The Linux VFS does include that concept.
So the NFS server has to open the file before a READ or WRITE operation, and close it afterwards.
Some funcitonality in filesystems and in the VFS assumes that the open/close requests that are passed down correspond to opens and closes by the application, and that a particular "file" structure belongs to a particular application (possibly a group of processes). Thus he current open/IO/close approach does not give good information to filesystems
12 May 2004, 7:15 UTCMore efficient COMMIT
The COMMIT NFSv4 (and NFSv4) request asked to sync a range of a file. However the Linux VFS only
allows a whole file to by synced
12 May 2004, 3:40 UTCRPCSEC/GSS
It would be really nice to have good RPCSEC/GSS support in nfs.

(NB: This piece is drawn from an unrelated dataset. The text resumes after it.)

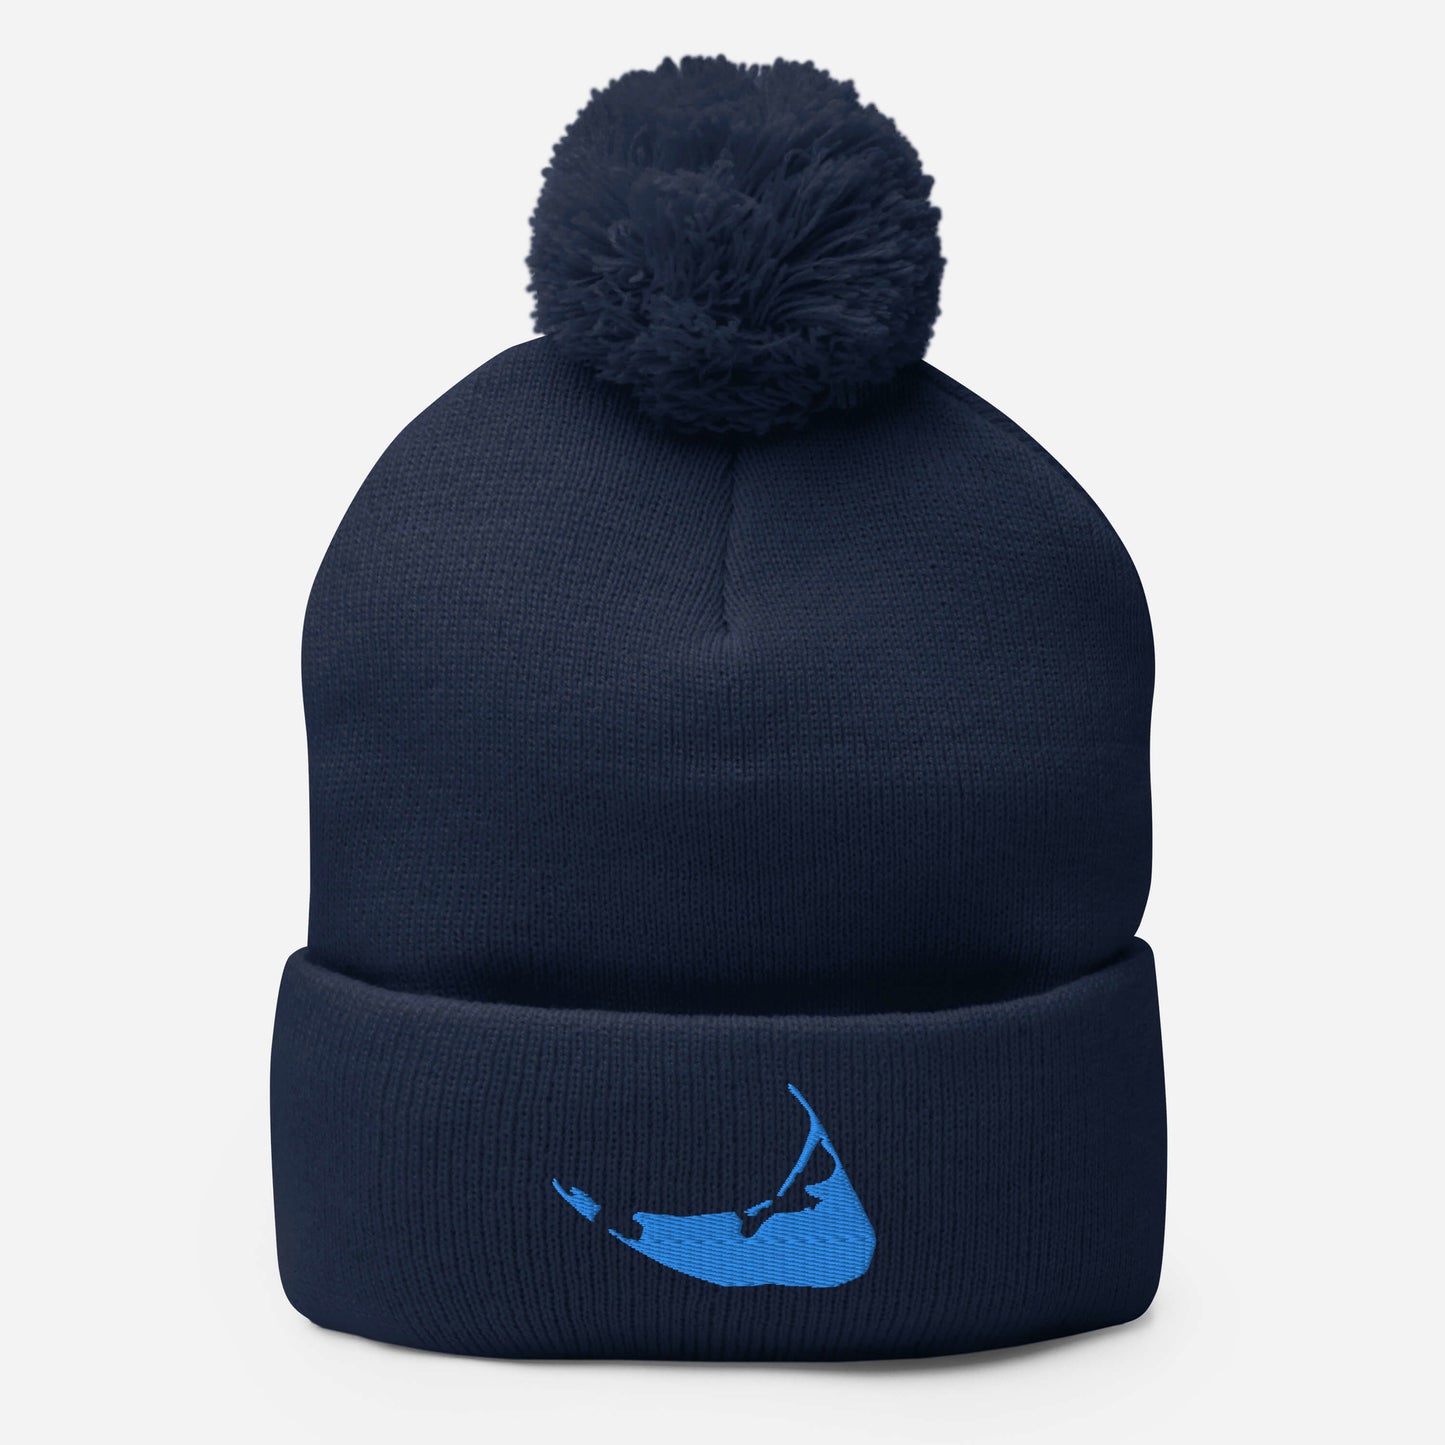 Nantucket Pom-Pom Hat - Blue on Navy

12 May 2004, 3:37 UTCIPv6 support
It is possible that IPv6 support would be useful in nfs.
12 May 2004, 1:56 UTCSMP afinity for threads and sockets
There is probably some value in assigning some processor or NUMA-node affinity to nfsd server threads and possibly to sockets as well
12 May 2004, 1:09 UTCDynamic thread count
The number of nfsd threads is currently static, though it can be changed from user-space.
There is value is having a dynamic number of threads. It means that the system administrator does not need to pick a number and hope it works. Even if the sysadmin is very clever, there will often be either too many threads, wasting memory, or too few causing uneeded delays. Having a dynamic number of threads means that the number can follow load.